Sustainability 2024, 16(17), 7347; https://doi.org/10.3390/su16177347
Submission received: 25 May 2024 / Revised: 26 June 2024 / Accepted: 9 July 2024 / Published: 26 August 2024
(This article belongs to the Section Sustainable Management)

Abstract

:
Japan is subject to global interest due to its waste management system, which aims for sustainability and is known for its efficiency. The purpose of this study is to examine Japan’s steps towards sustainable waste management practices and highlight its formation, achievements, problems, and prospects for the future. Through a comprehensive review of official governmental data and the academic literature, the main achievements—including extensive government initiatives such as proposing programs, plans, and legislation for sustainable waste management and encouraging public involvement in establishing a Sound Material-Cycle Society (SMCS) and 3Rs—were defined. Thus, the state and the population alike take general measures to combat pollution. Looking at the future of waste management in Japan, the country continues to struggle despite all these efforts and impressive results. It is focusing on developing more sustainable and cost-effective solutions. This includes investing in new technologies, increasing efforts to reduce and recycle waste, and promoting environmental awareness.

1. Introduction

The commonly accepted definition of “waste” refers to materials or processes that are discarded or planned to be discarded [1]. This all-encompassing definition includes the broad spectrum of substances classified as “waste”, from home rubbish to industrial waste. Waste management includes all the duties and practices necessary to control waste from its creation to its final disposal. This process comprises the collection, transportation, processing, and final disposal of waste materials and oversight of the waste management processes [2]. Recycling is one option, whereas composting has unique challenges and potential [3].

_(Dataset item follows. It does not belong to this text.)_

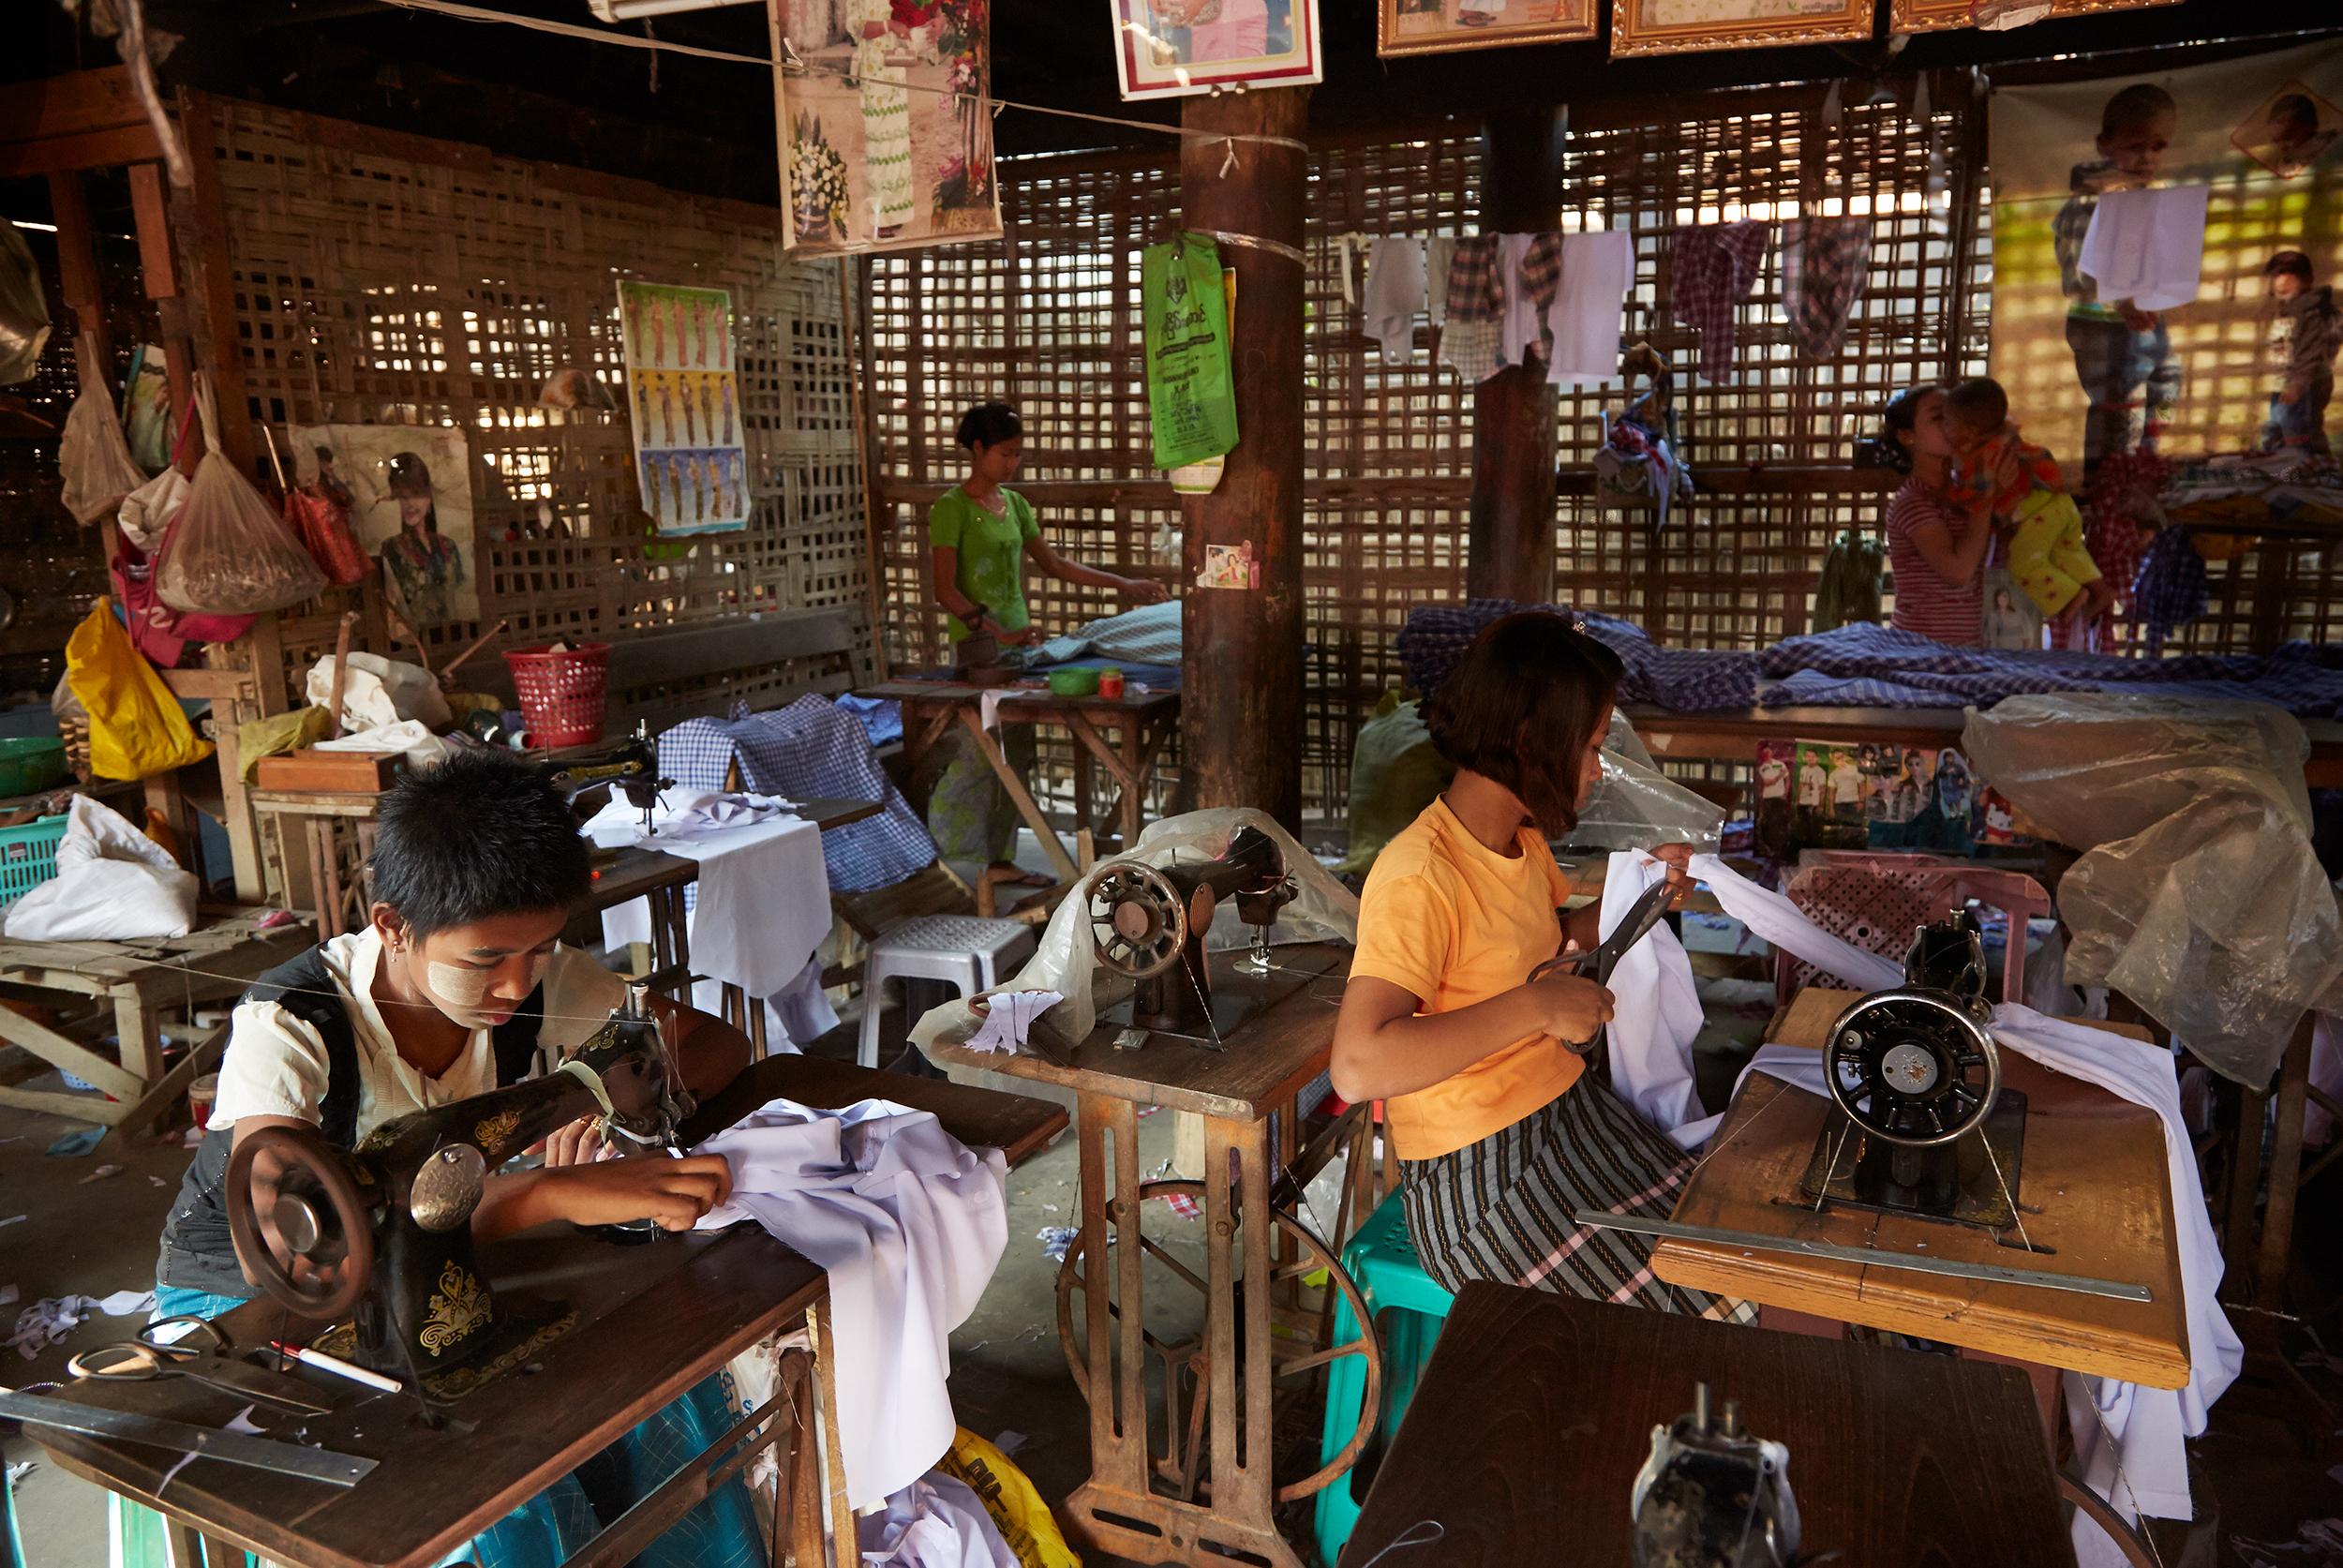 Kanjana-Chaiwatanachai-Image-Works_Mandalay_2014.01.19_0312w.jpg

1.1. Importance of Waste Management

Firstly, waste management is crucial to environmental conservation. Adverse effects on the planet result from ineffective waste management procedures. Poor waste management, particularly concerning toxic or non-biodegradable waste, may severely damage the land. Dangerous substances leach into the soil, harming plant life and entering the food chain. Affected fertile fields may become barren, impacting farming operations and biodiversity [4].
Water bodies also sustain damage. Pollution of rivers, lakes, and oceans results from improper waste disposal, particularly industrial effluents and plastic garbage. This affects communities that depend on these water sources for everyday needs as well as endangered marine species. Numerous health problems, from gastrointestinal infections to more severe illnesses, can be caused by contaminated water, putting millions of lives in danger. The improper management of garbage also results in air pollution. Burning garbage, mainly plastic, causes poisonous gases to be released into the air, lowering its quality. Chronic exposure to such contaminants can result in cardiovascular disorders, respiratory problems, and other health problems. Therefore, ensuring garbage is correctly disposed of and treated helps to protect the environment and sustain the well-being of all organisms.
Secondly, in pursuit of resource efficiency, it is essential to view waste as a potential resource that has gone missing rather than merely as discarded items. Making garbage into useful things is becoming increasingly important when resources are running out, and sustainable practices are crucial [5]. Organic waste can be composted to create nutrient-rich manure, meaning the usage of artificial fertilizers can be avoided. Similarly, recycling programs can transform waste into raw materials for new products, reducing the need for virgin resources. The circular economy, a cyclical strategy, emphasizes the value of recycling and reuse to promote sustainability.
Lastly, effective waste management has numerous positive effects on the economy. Beyond their primary goal, effective waste management systems are powerful engines for job growth. Each stage of the waste management procedure, from waste collection through sorting, recycling, and disposal, offers job possibilities. Waste treatment technology and sustainable product design also have room for innovation and entrepreneurship, and waste can be turned into marketable goods [2]. These items, which include upcycled goods, biogas produced from organic waste, and recycled materials, can reduce waste and boost the economy.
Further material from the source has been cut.